SUPPLIED MATERIAL:
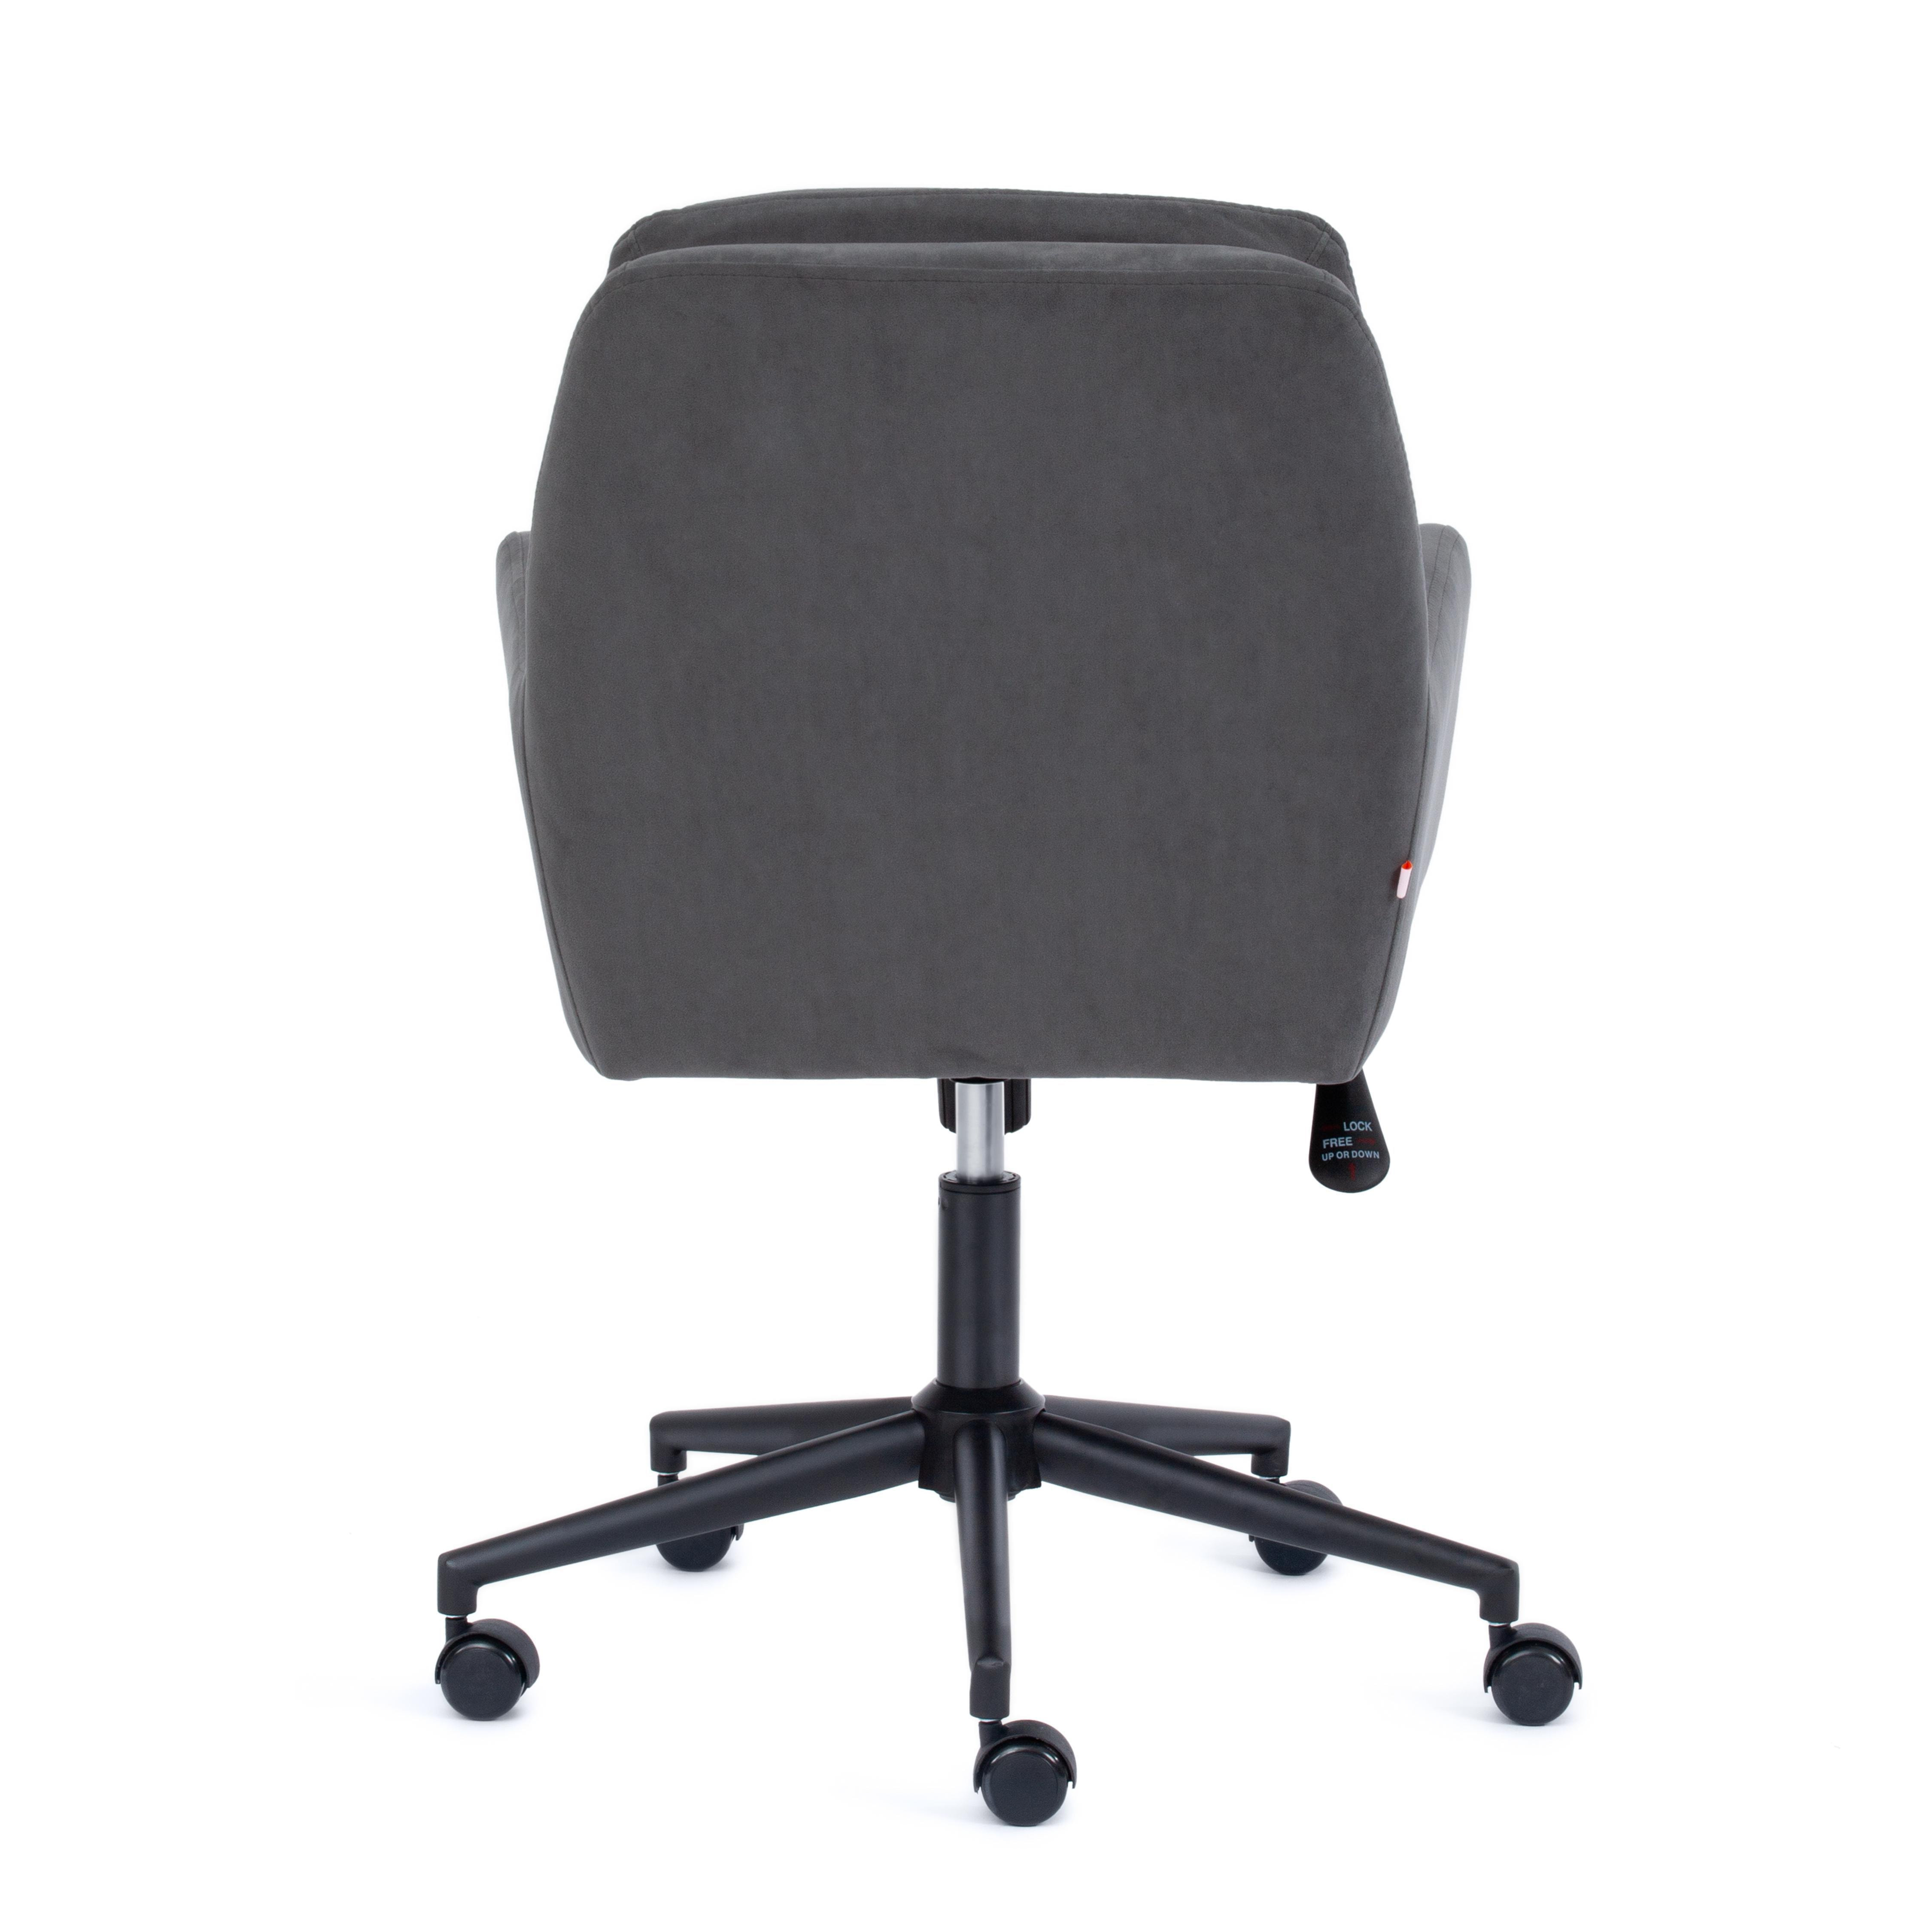 Кресло GARDA флок , серый, 29
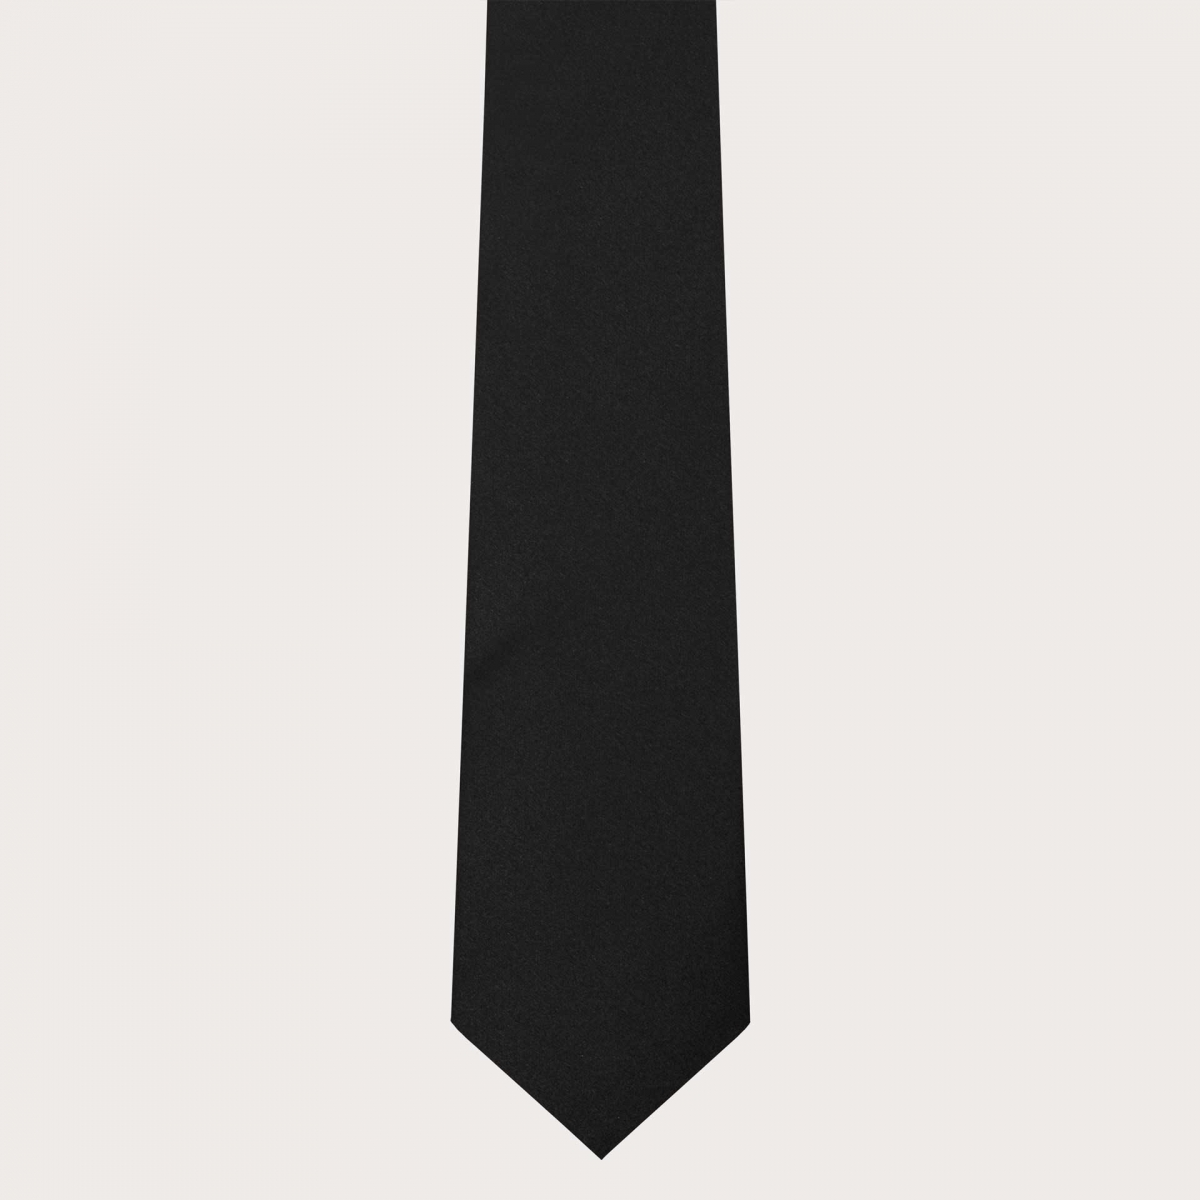 BRUCLE Formelle Krawatte aus schwarzem Satin
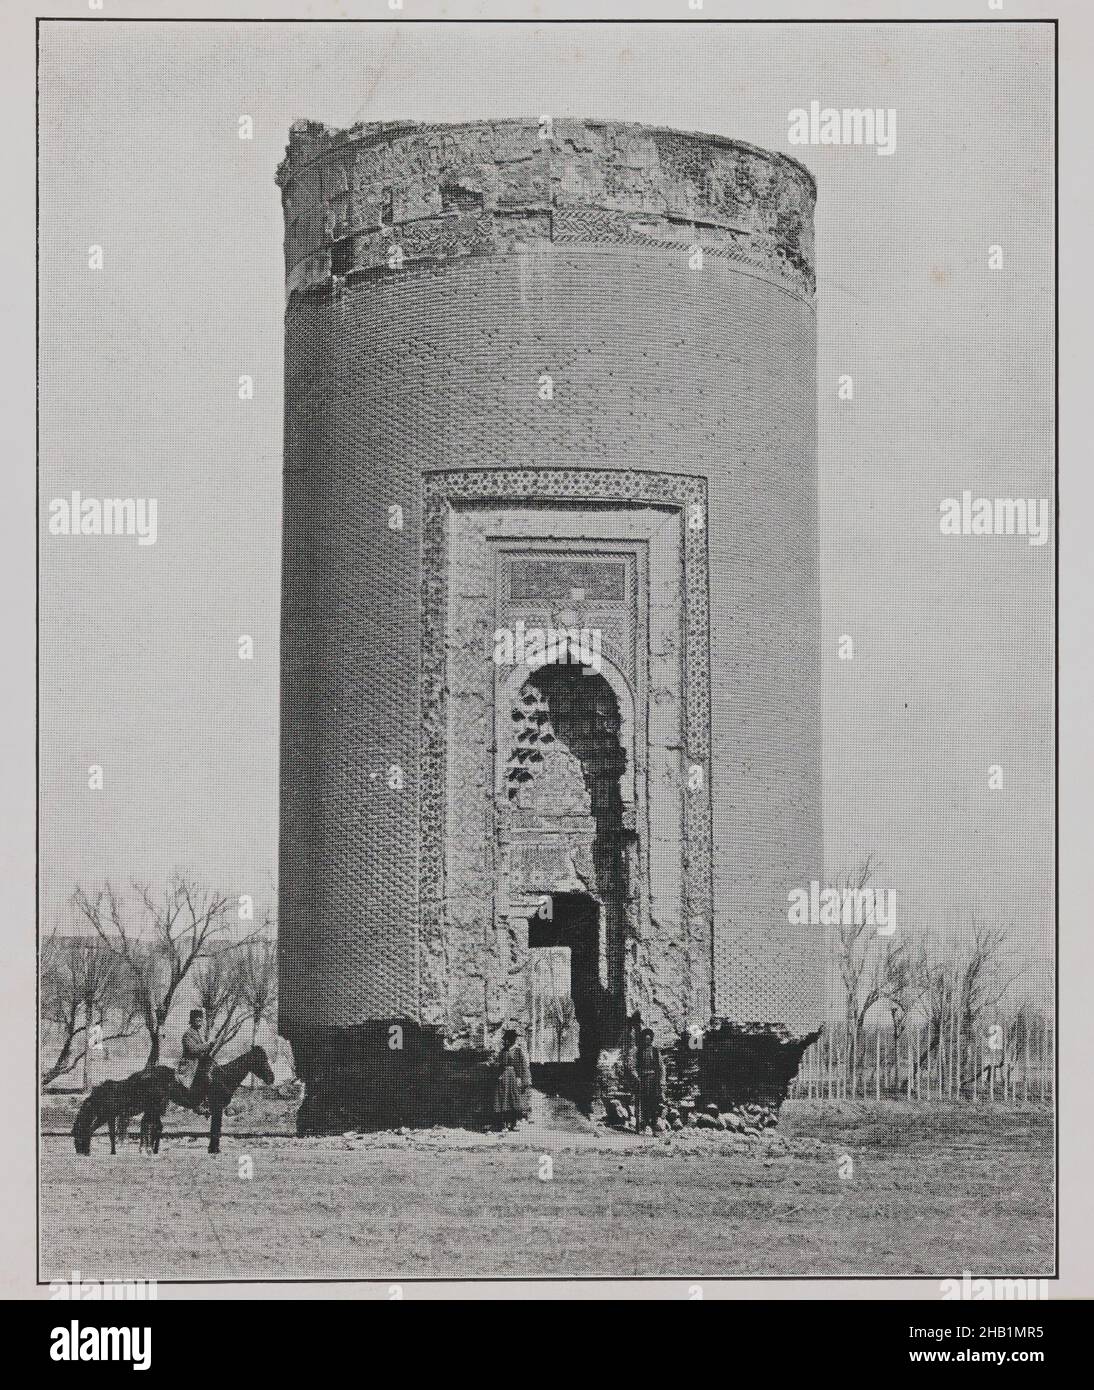 Una delle 274 fotografie vintage, inchiostro stampato su carta, fine 19th-inizio 20th secolo, Qajar, periodo Qajar, 5 7/8 x 5 5/16 pollici, 15 x 13,5 cm, architettura, fotografia, fotografia, torre Foto Stock

WHAT TO DO: Write the material above out again exactly as it reads, but don't carry over the pictures.

EXERCISE SOLUTION:
 Кресло GARDA флок , серый, 29
 BRUCLE Formelle Krawatte aus schwarzem Satin
 Una delle 274 fotografie vintage, inchiostro stampato su carta, fine 19th-inizio 20th secolo, Qajar, periodo Qajar, 5 7/8 x 5 5/16 pollici, 15 x 13,5 cm, architettura, fotografia, fotografia, torre Foto Stock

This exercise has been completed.